• DATA BELOW

________

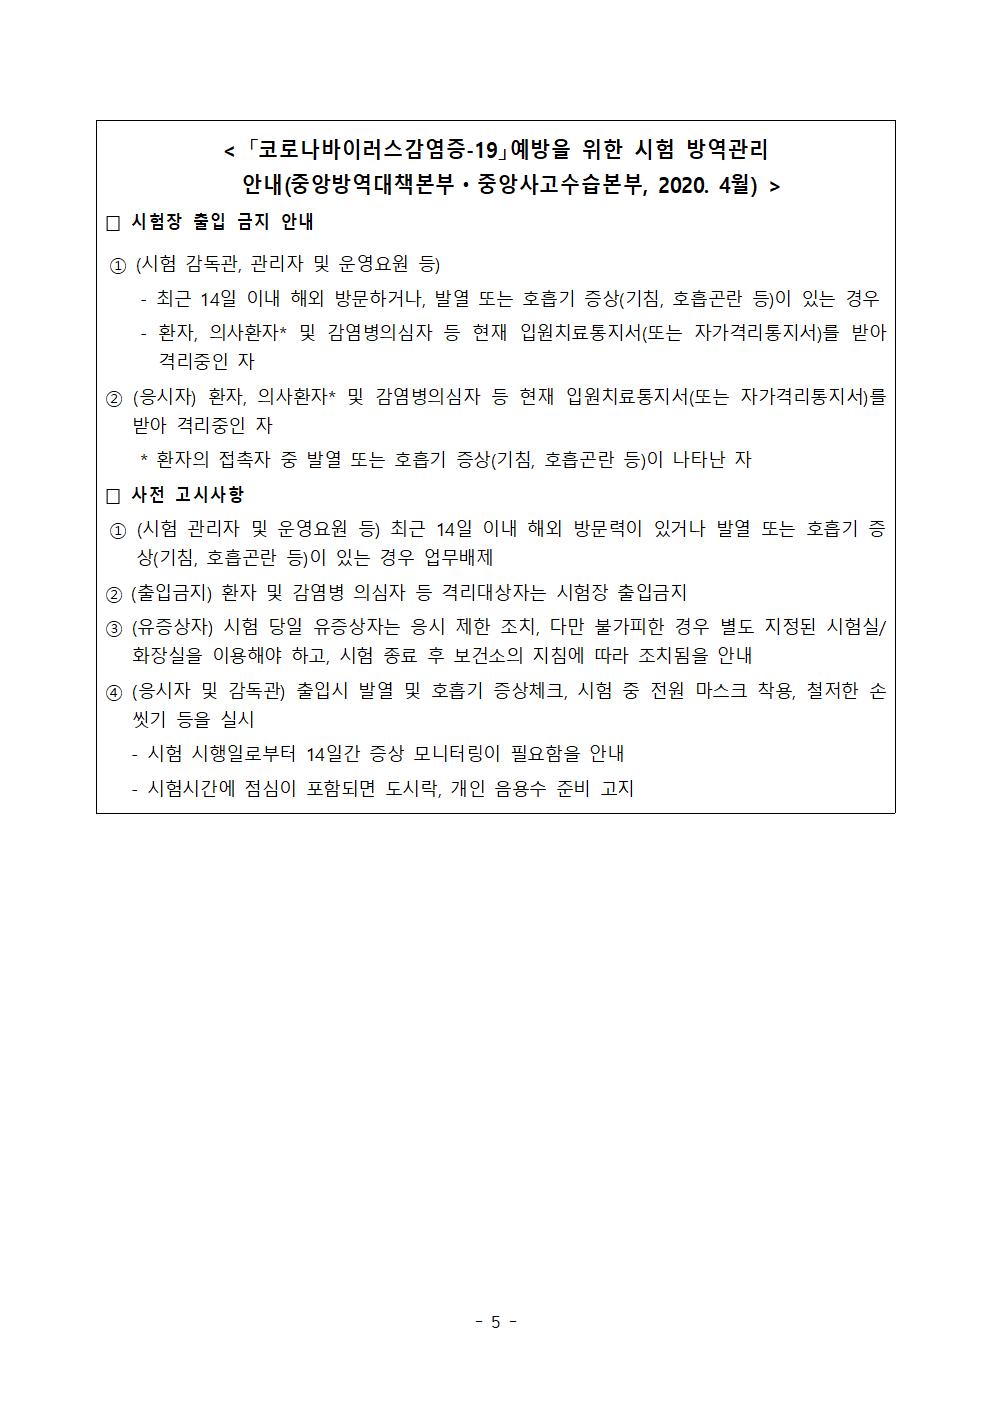 2021학년도 학교별 입학전형 안전관리 계획_한국게임과학고(홈페이지게시)007
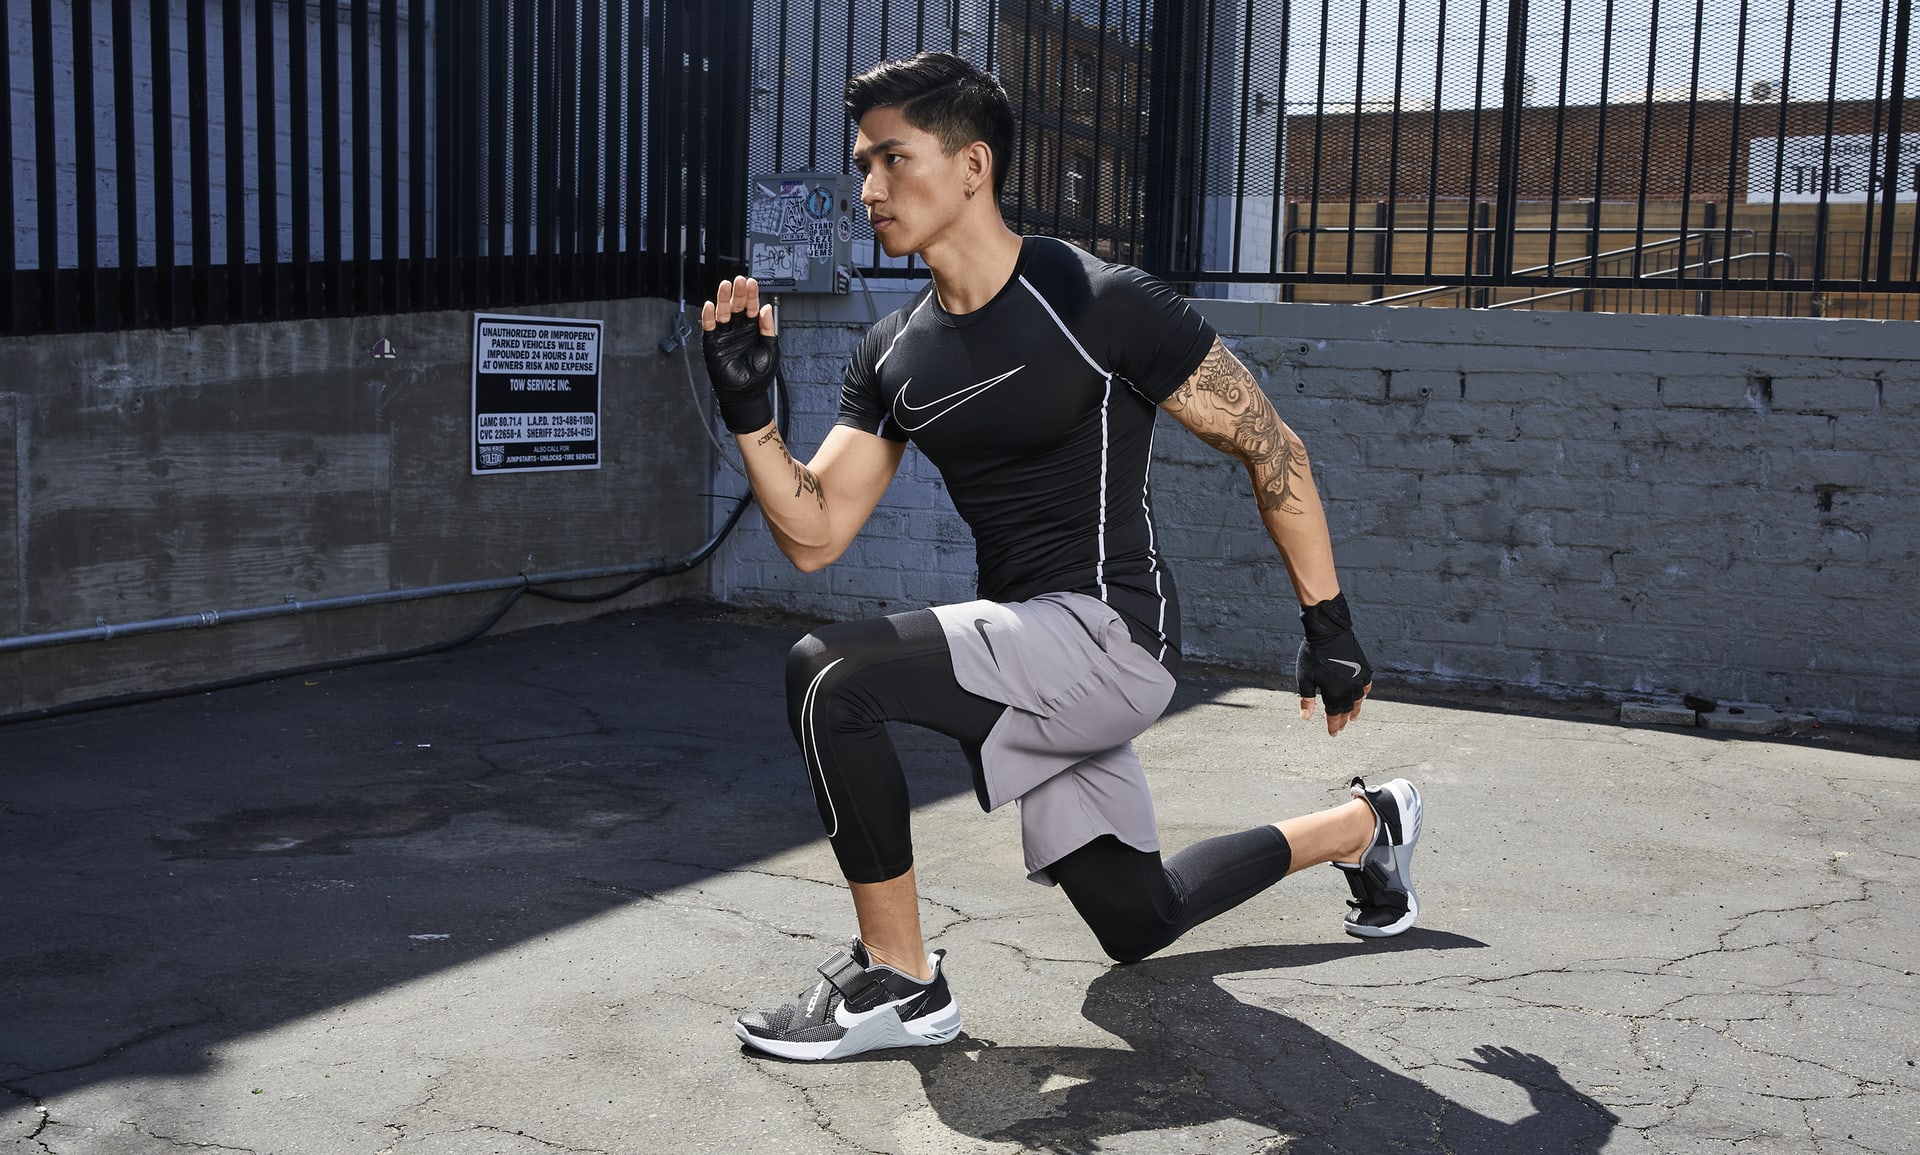 onenigheid Vergelijkbaar Isoleren Nike Pro Dri-FIT Men's Tight Fit Short-Sleeve Top. Nike.com
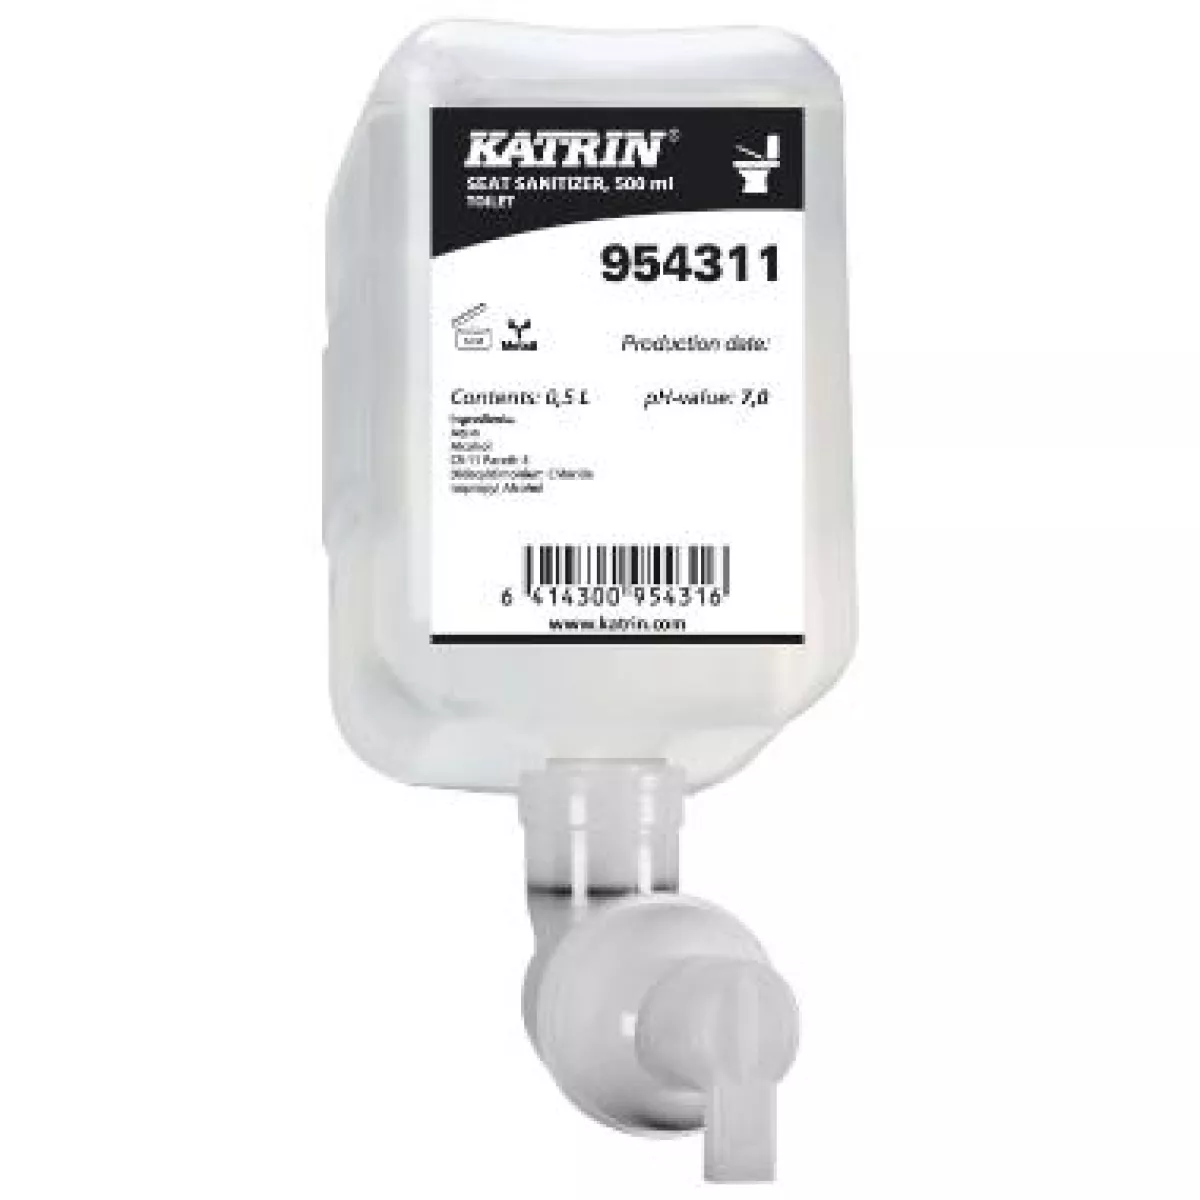 #1 - Katrin Toilet Seat Sanitizer, desinfektion til toiletbræt, 500 ml. refill, 12 stk.

________

A faithful, word-for-word copy of the data is needed; the pictures should not appear in it.

• ANSWER AREA
 2021학년도 학교별 입학전형 안전관리 계획_한국게임과학고(홈페이지게시)007
 onenigheid Vergelijkbaar Isoleren Nike Pro Dri-FIT Men's Tight Fit Short-Sleeve Top. Nike.com
 #1 - Katrin Toilet Seat Sanitizer, desinfektion til toiletbræt, 500 ml. refill, 12 stk.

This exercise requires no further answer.